*Task goal:*
From the listing below, set down exactly the lines between the one holding "Blusón apicultor doble Nylon" and the one holding "Giant Alaska Dog", inclusive. No other line is wanted.

*Dataset:*
════
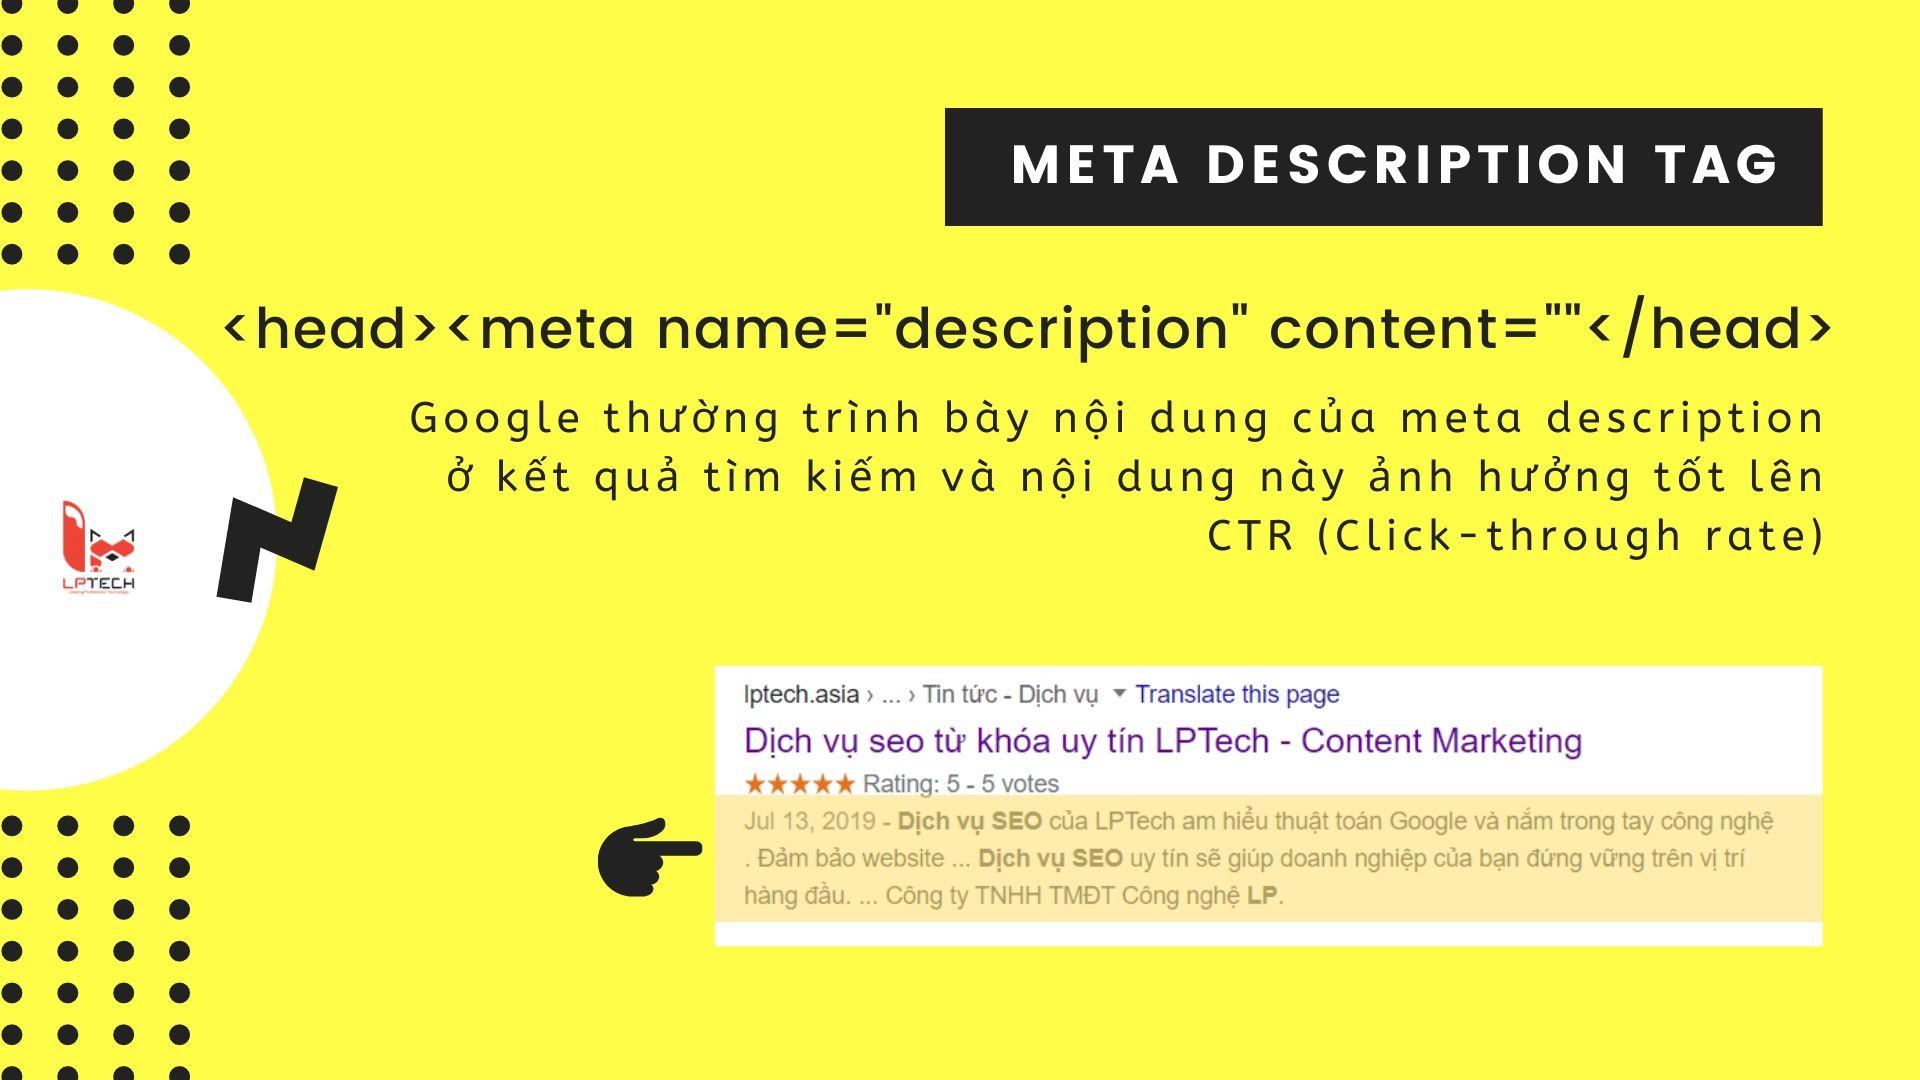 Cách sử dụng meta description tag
════
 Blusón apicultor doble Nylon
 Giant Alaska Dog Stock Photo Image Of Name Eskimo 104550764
════
*Reply to the exercise:*
 Blusón apicultor doble Nylon
 Giant Alaska Dog Stock Photo Image Of Name Eskimo 104550764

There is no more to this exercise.